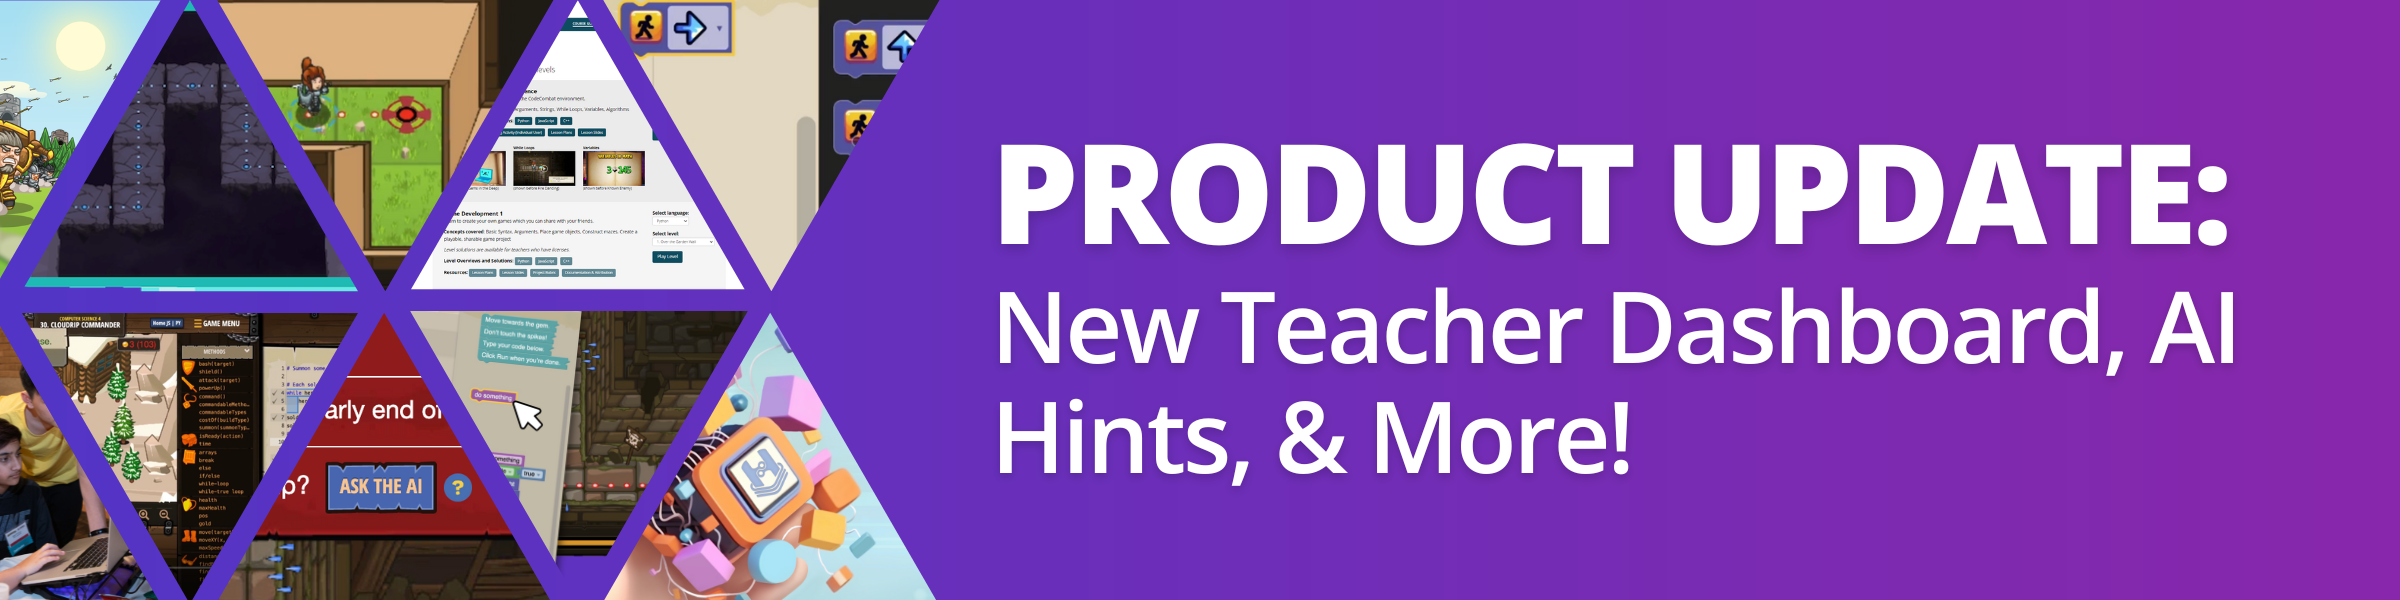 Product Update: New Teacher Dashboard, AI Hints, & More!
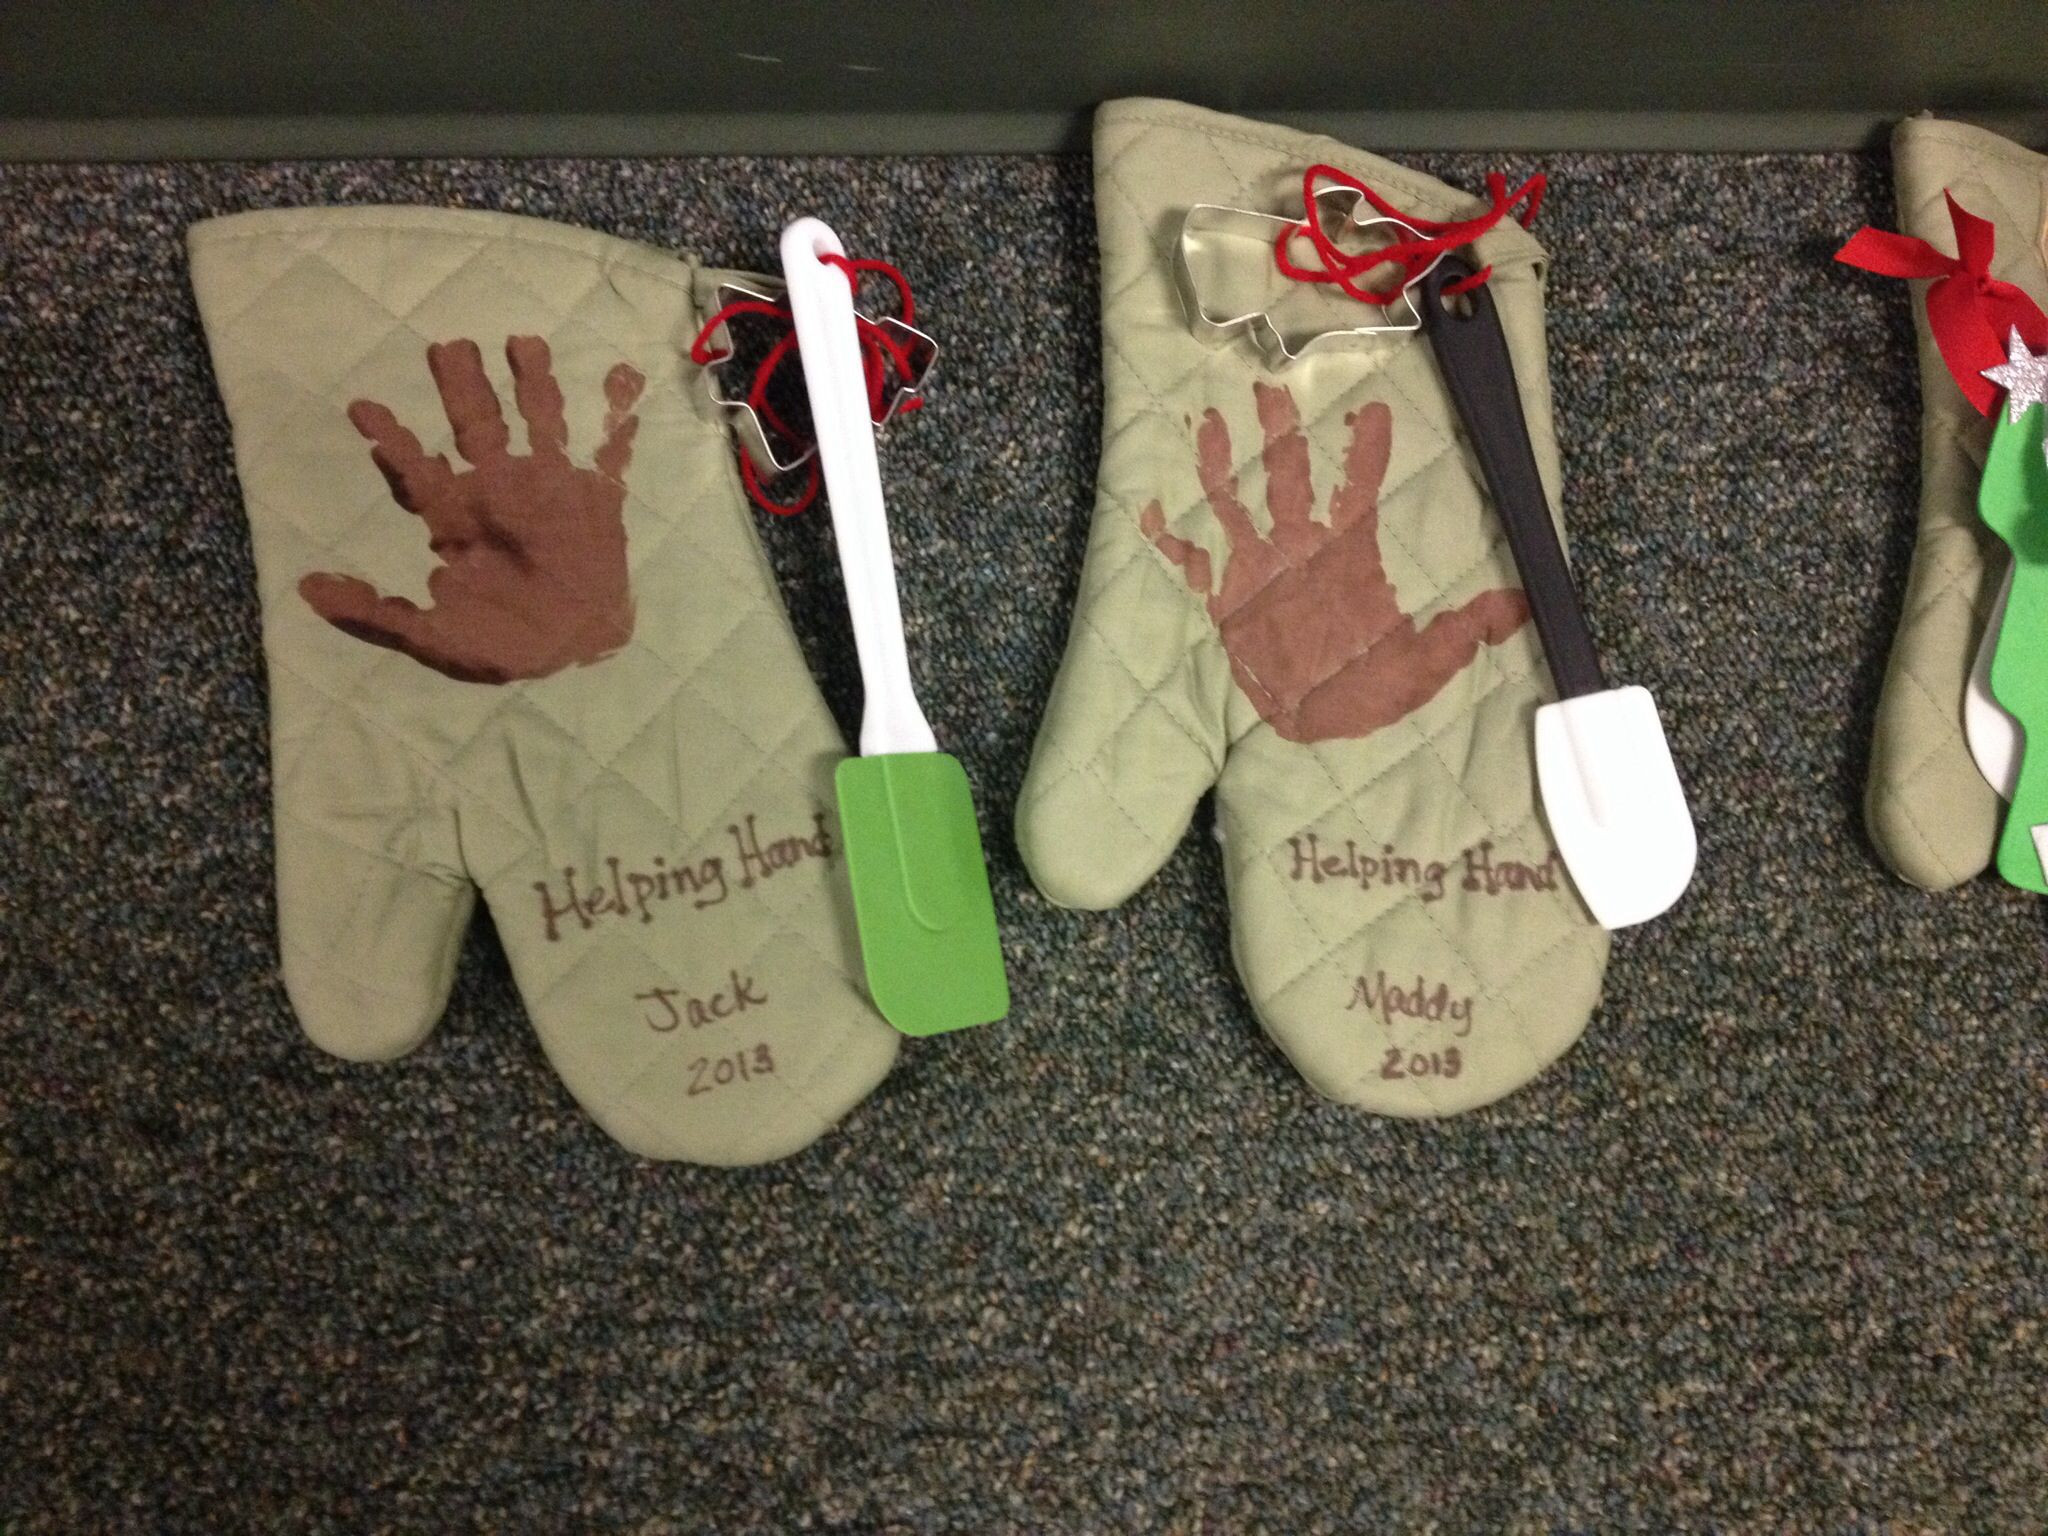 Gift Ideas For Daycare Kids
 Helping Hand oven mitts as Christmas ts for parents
※ ※ ※
### What is needed
Leaving the pictures out, copy exactly the lines from the line that contains "Gift Ideas For Daycare Kids" to the last line of the data, both ends included.

### Reply
 Gift Ideas For Daycare Kids
 Helping Hand oven mitts as Christmas ts for parents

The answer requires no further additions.